▸ **Data for the task**:
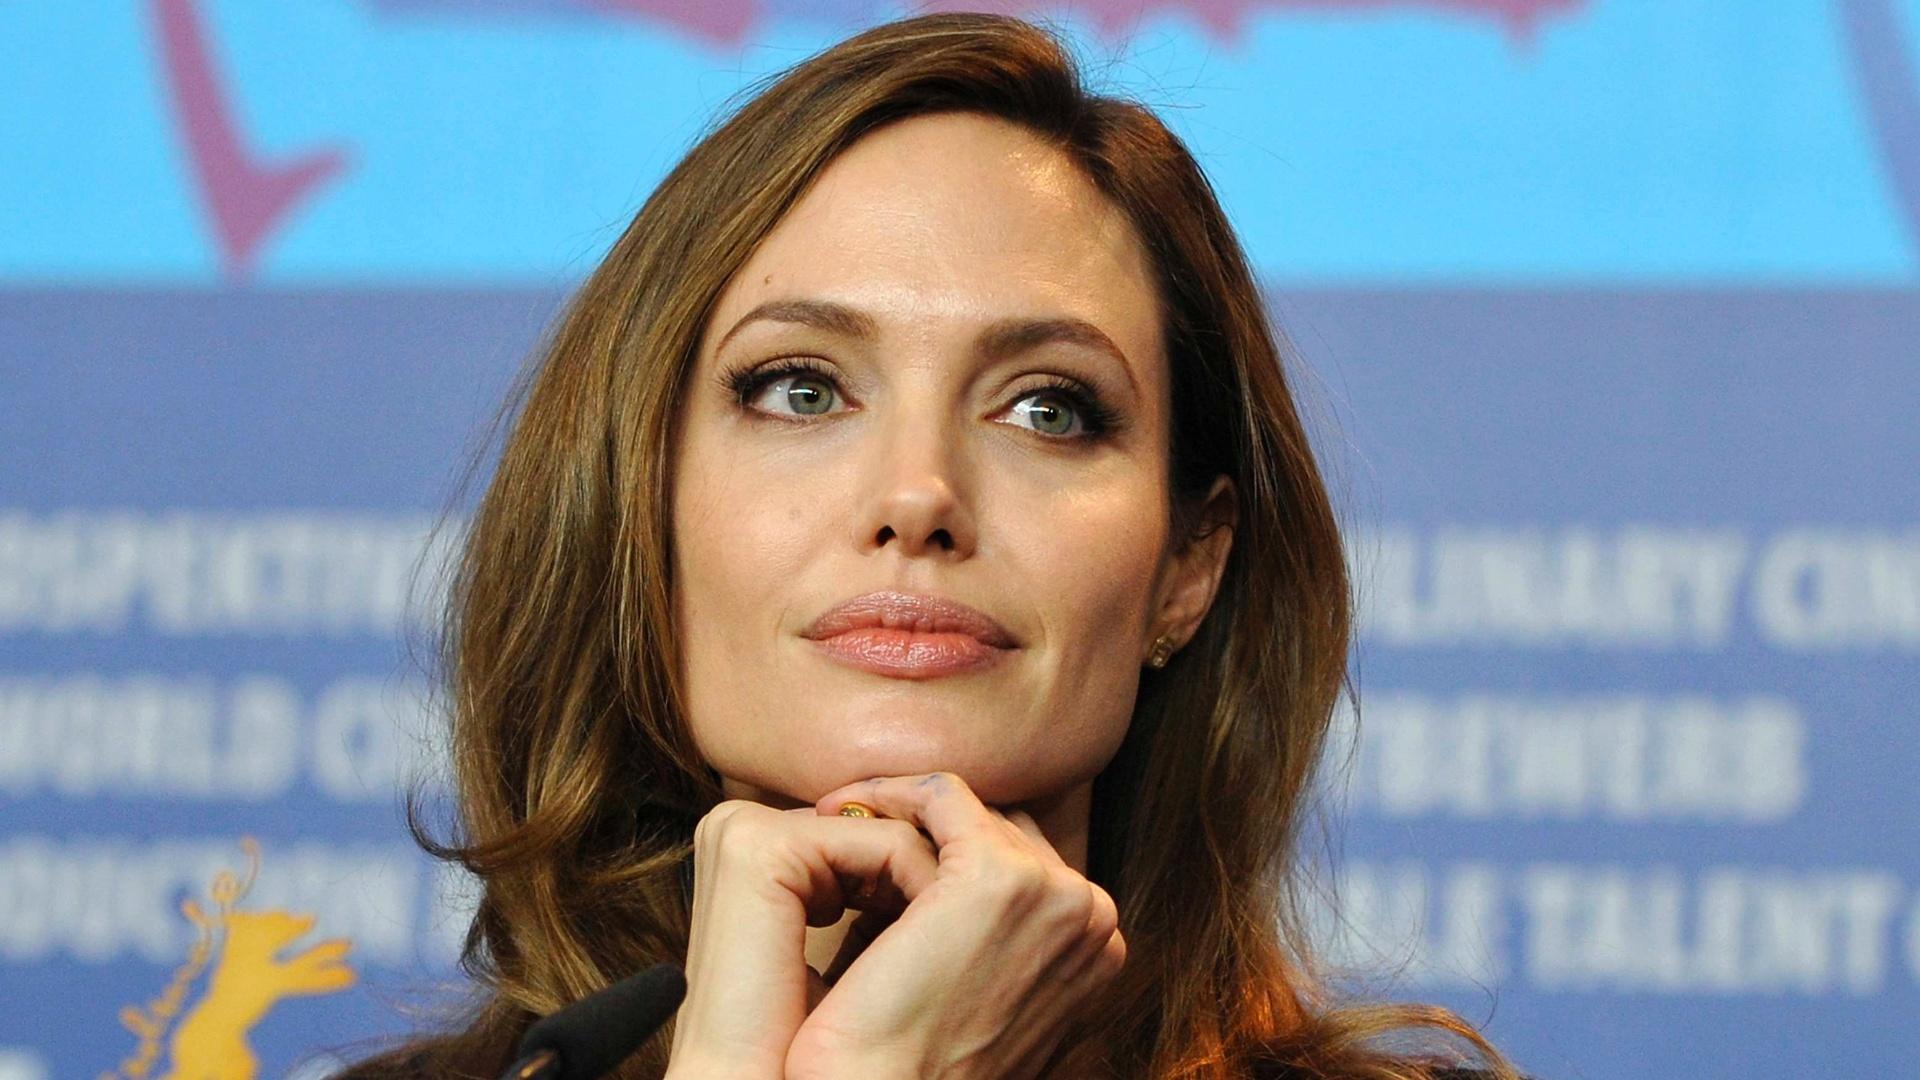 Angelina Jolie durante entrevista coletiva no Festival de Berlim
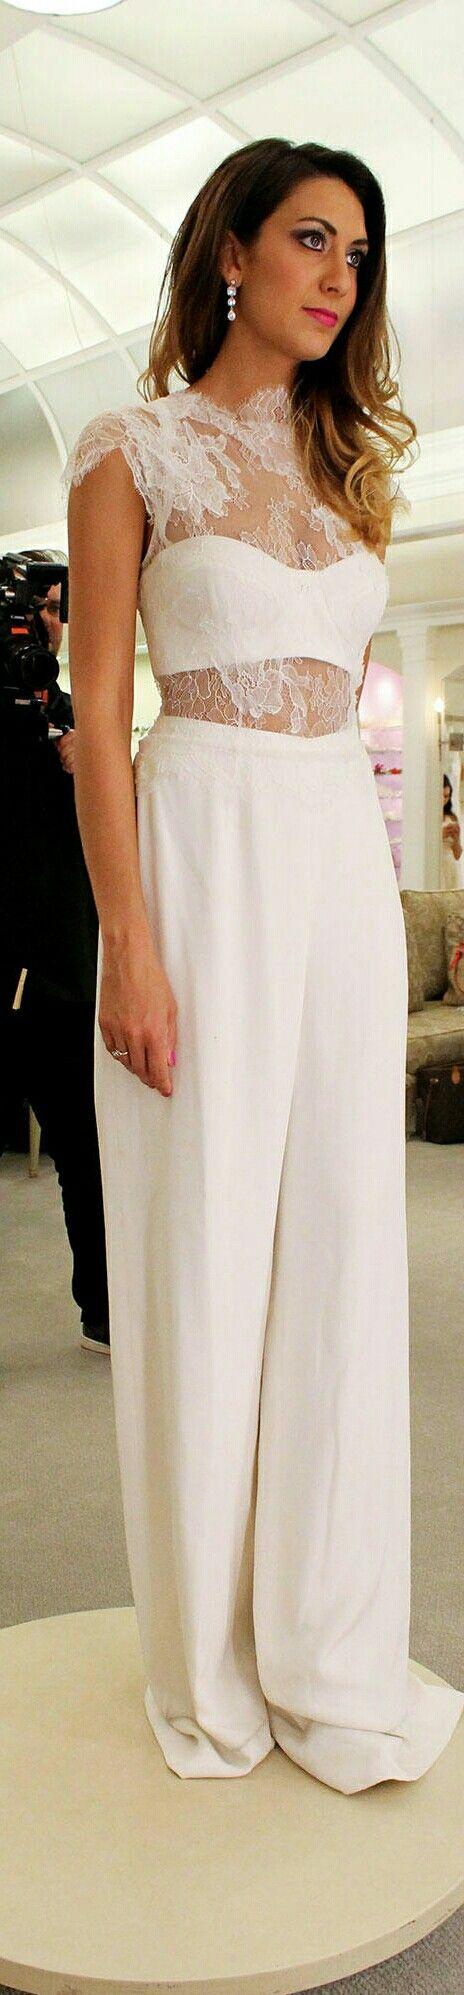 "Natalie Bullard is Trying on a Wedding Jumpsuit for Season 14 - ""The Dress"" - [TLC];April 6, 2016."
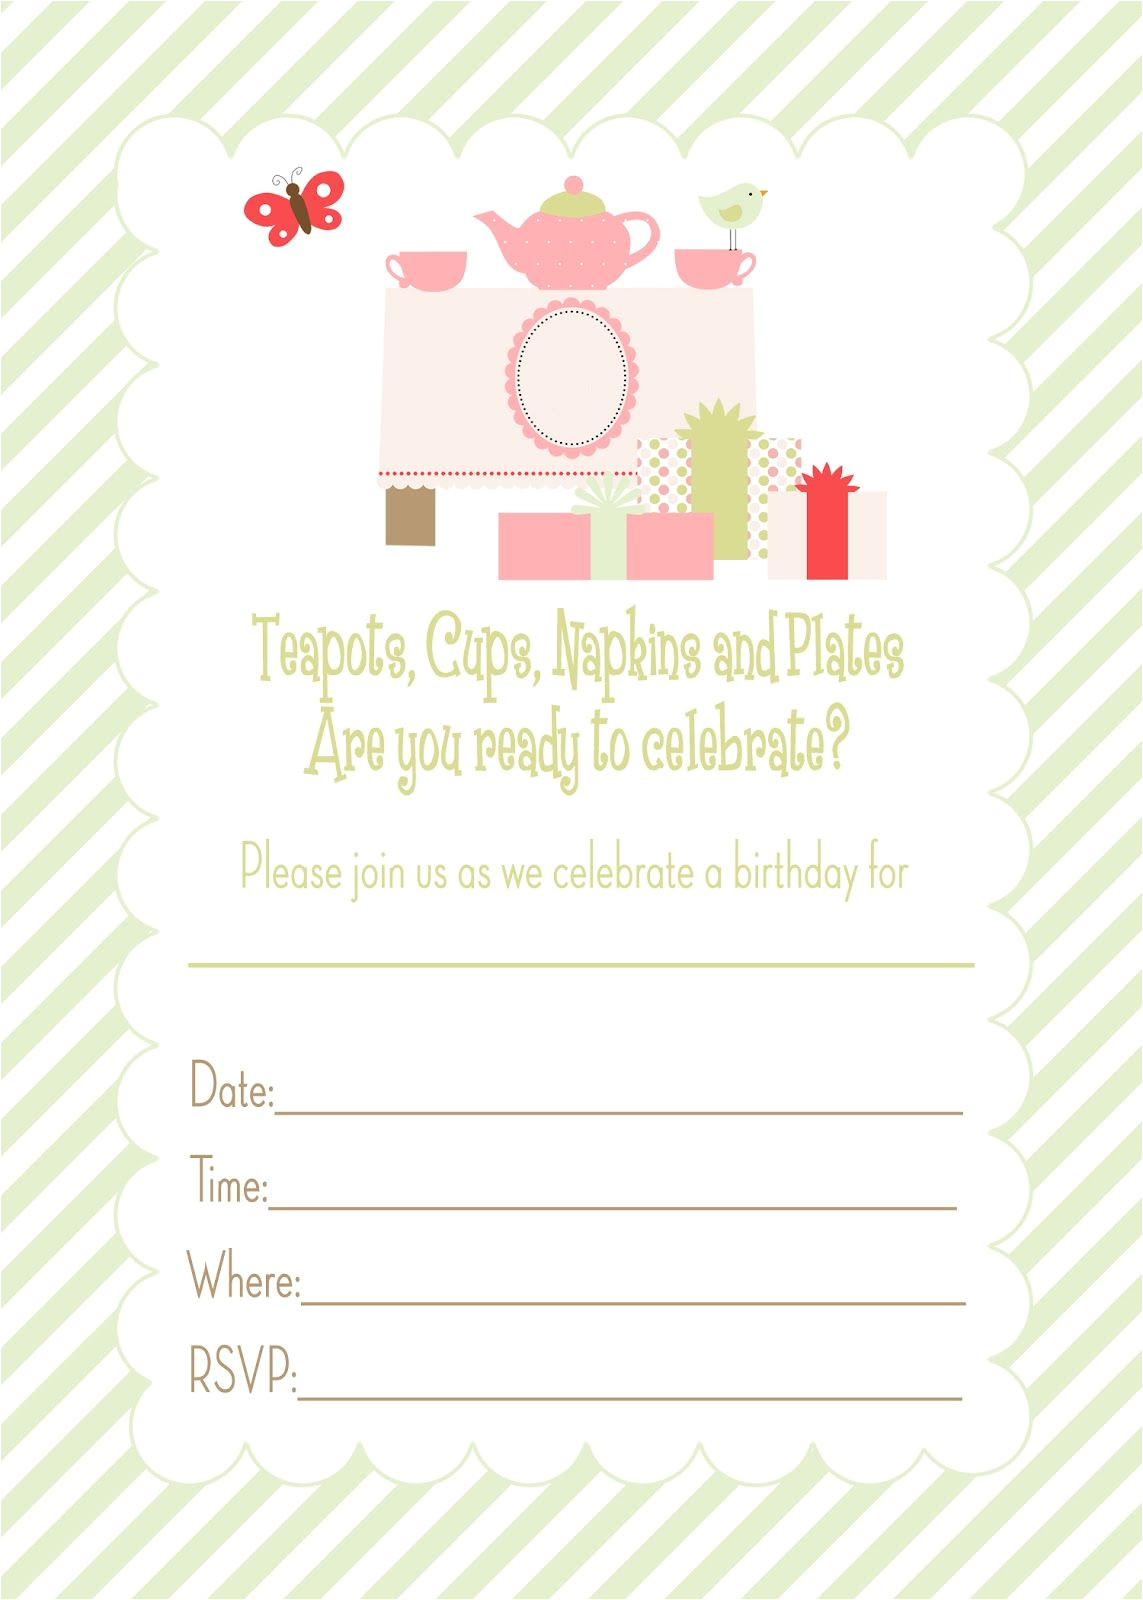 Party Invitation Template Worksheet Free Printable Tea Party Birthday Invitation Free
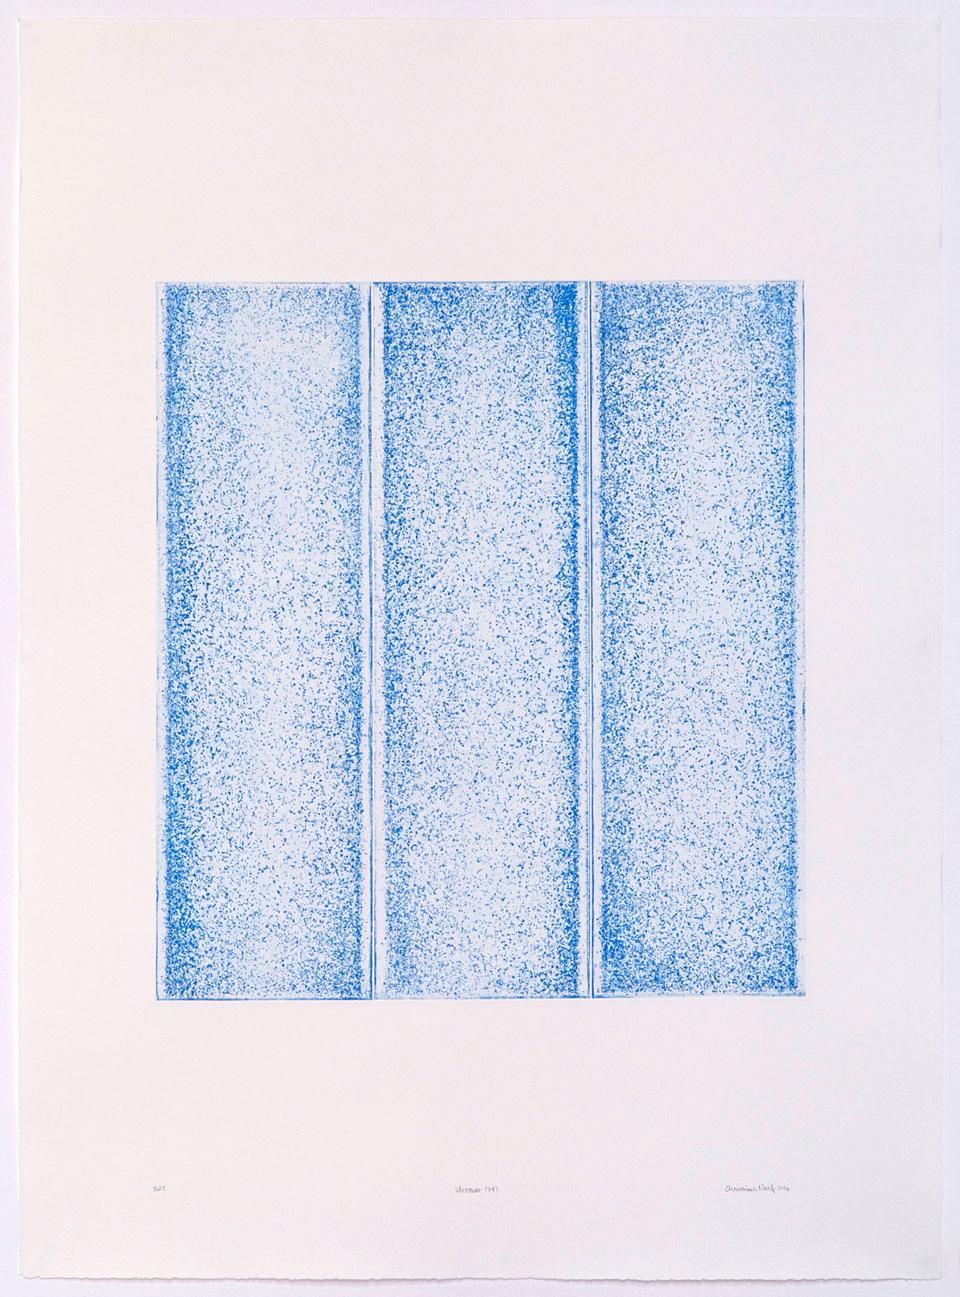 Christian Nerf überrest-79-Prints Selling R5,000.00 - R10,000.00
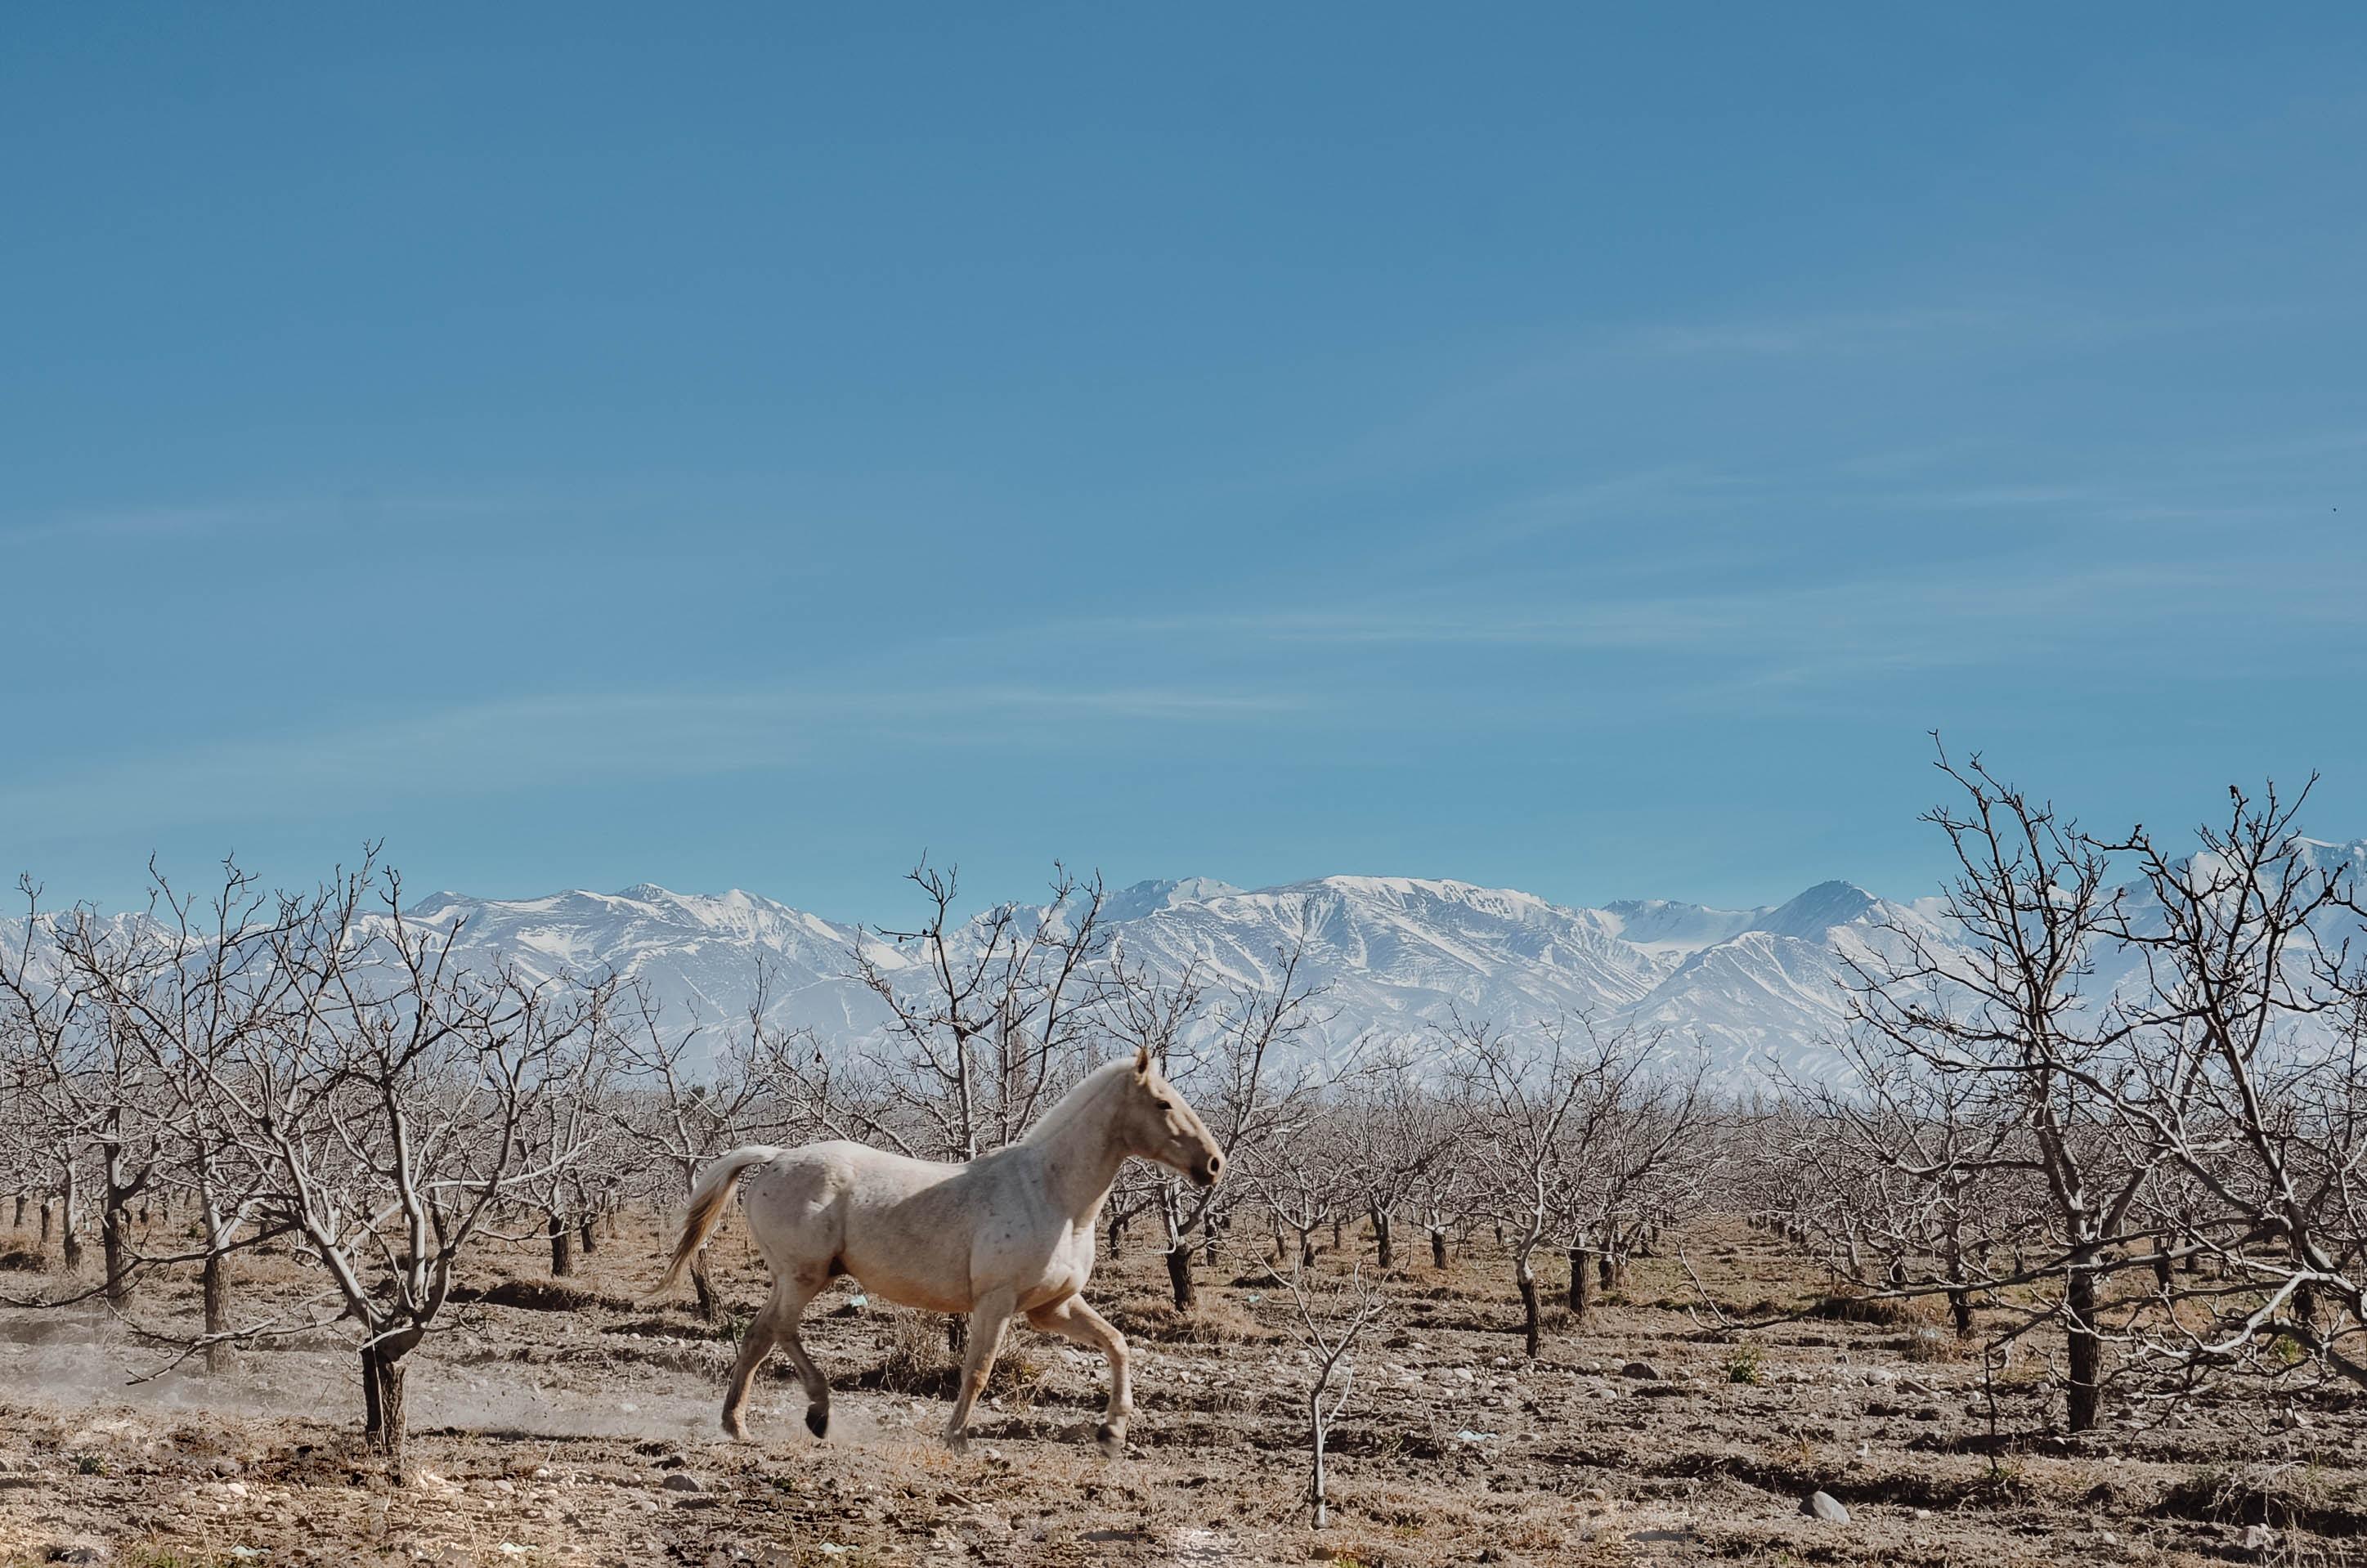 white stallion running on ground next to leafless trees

▸ **Task brief**: Restate all of the material word for word. Keep out every picture.

▸ **Final answer**:
 Angelina Jolie durante entrevista coletiva no Festival de Berlim
 "Natalie Bullard is Trying on a Wedding Jumpsuit for Season 14 - ""The Dress"" - [TLC];April 6, 2016."
 Party Invitation Template Worksheet Free Printable Tea Party Birthday Invitation Free
 Christian Nerf überrest-79-Prints Selling R5,000.00 - R10,000.00
 white stallion running on ground next to leafless trees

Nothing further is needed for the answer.